In 1996,
Washington state voters overwhelmingly approved Initiative 655 which banned
the use of hounds to Hunt Cougars in the state. Two years later many people
are having second thoughts about the wisdom of the law, and the state
legislature may override the initiative.
Those who supported
the initiative used the standard arguments – using dogs to hunt cougars
was cruel and unsporting. But, above all, the dogs were extremely effective.
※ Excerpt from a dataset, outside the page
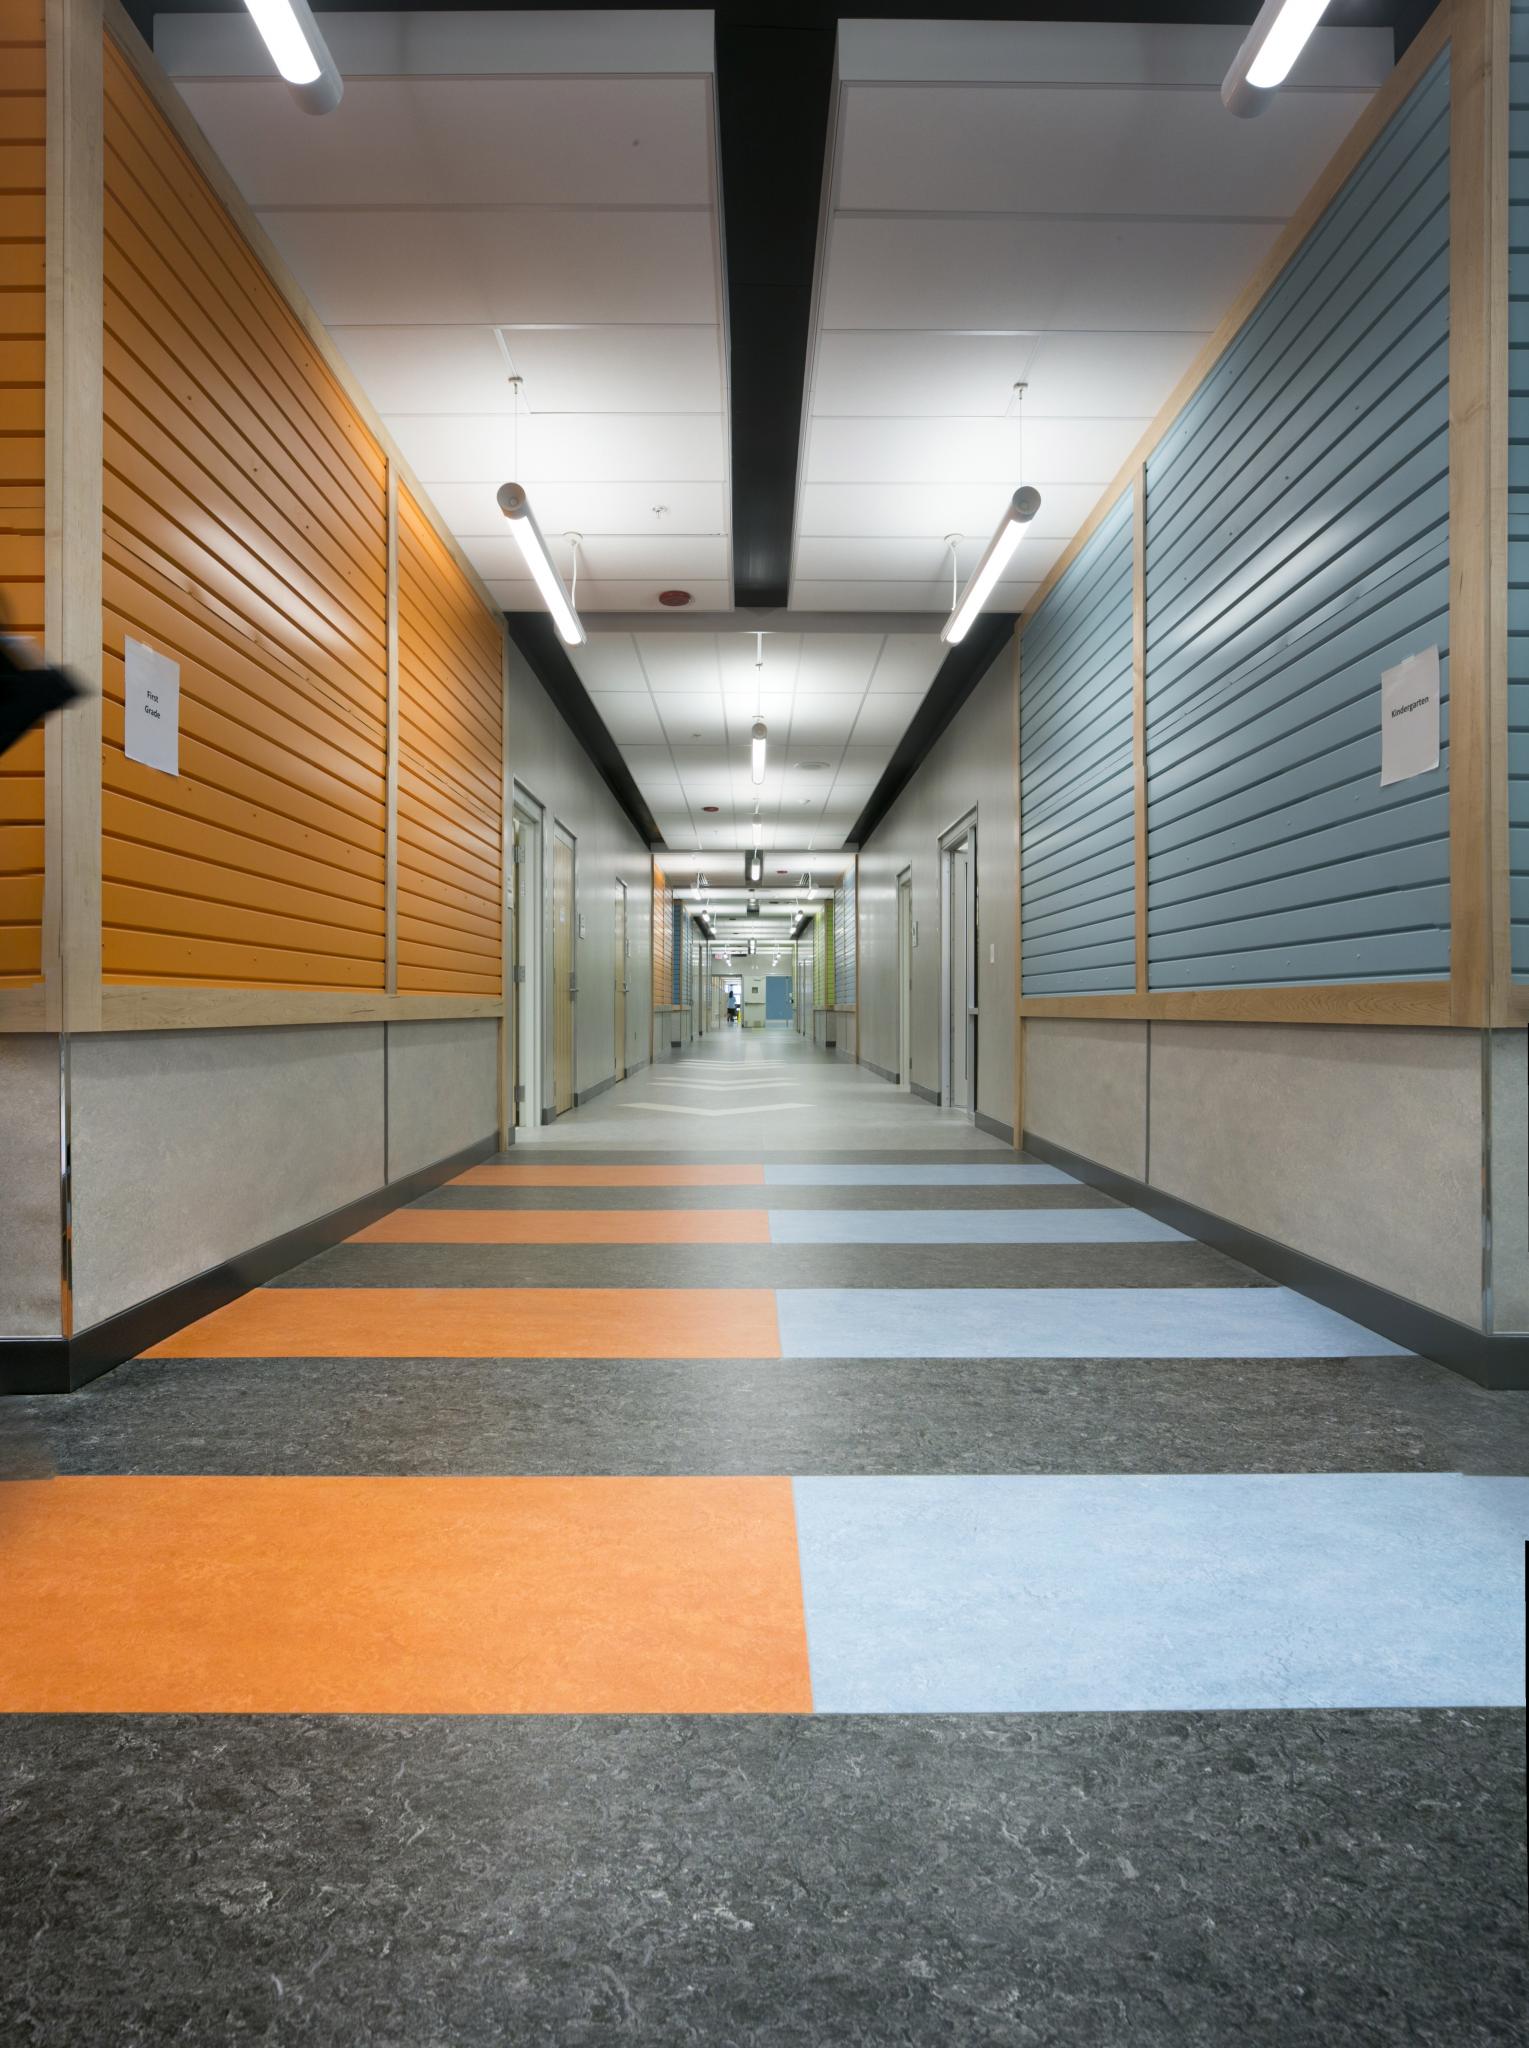 image of a hallway

In 1995 hunters in Washington killed 283 cougars using hounds, but by
1997 only 132 cougars were killed, which some people believe is the crux
of the problem.
Since
the passage of the initiative the number of cougars in Washington has
soared, as has the number of reports of human-cougar contact. The cougar
population rose to about 2,500 and the Washington Department of Fish and
Wildlife reported cougar-human incidents rose from 495 in 1996 to 927
in 1998.
Such
contact has the potential for tragedy. In August 1998, a 5-year-old girl
was ambushed and severely wounded by a cougar near the campsite she was
visiting. In another incident, two cougars became trapped in a school
playground.
Opponents
of Initiative 655 claim the ban on dogs caused the cougar population to
increase dramatically, and they suspect the big cats are drawn to suburban
areas to prey on domestic animals and livestock. Supporters claim the
cougar population had been increasing even before the passage of the initiative
and the increased reports of human-cougar contact are more likely the
result of increased awareness and press coverage of the issue during and
after the vote on the initiative.
The
cause of the increase in cougar incidents may be up for debate, but the
ban on using dogs highlights an odd aspect of animal rights philosophy
– namely that it simultaneously seeks to place all sentient beings on
the same moral plane but does not apply morality consistently among all
sentient beings.
Consider the animal
rights objection to the use of hunting dogs. I take the claim to be that
(a) cougars are sentient, (b) using carnivorous predators to hunt down sentient
beings is cruel, (c) sentient beings should not be subjected to cruelty,
so (d) predators (dogs) should not be used to hunt down cougars.
To avoid
turning this into an argument against all predation by sentient beings
(leaving Ingrid Newkirk‘s fantasies aside for the moment), animal rights
activists must perform the logical leap of maintaining that of all sentient
beings, only for homo sapiens is predation forbidden on
moral grounds. Furthermore, that moral edict extends to any sort
of interaction which may assist any act of predation.
If a
pack of wolves decide to attack a cougar, this presumably is simply part
of the natural world. If a human being takes a pack of dogs to hunt a
cougar, somehow the act is transformed into an immoral one simply by the
presence of the homo sapiens. To paraphrase George Orwell, all sentient
beings are equal, but some are less equal than others.
Source:
Bills would send hounds after cougars. Deidre Silva, The Spokane Spokesman-Review, January 21, 1999.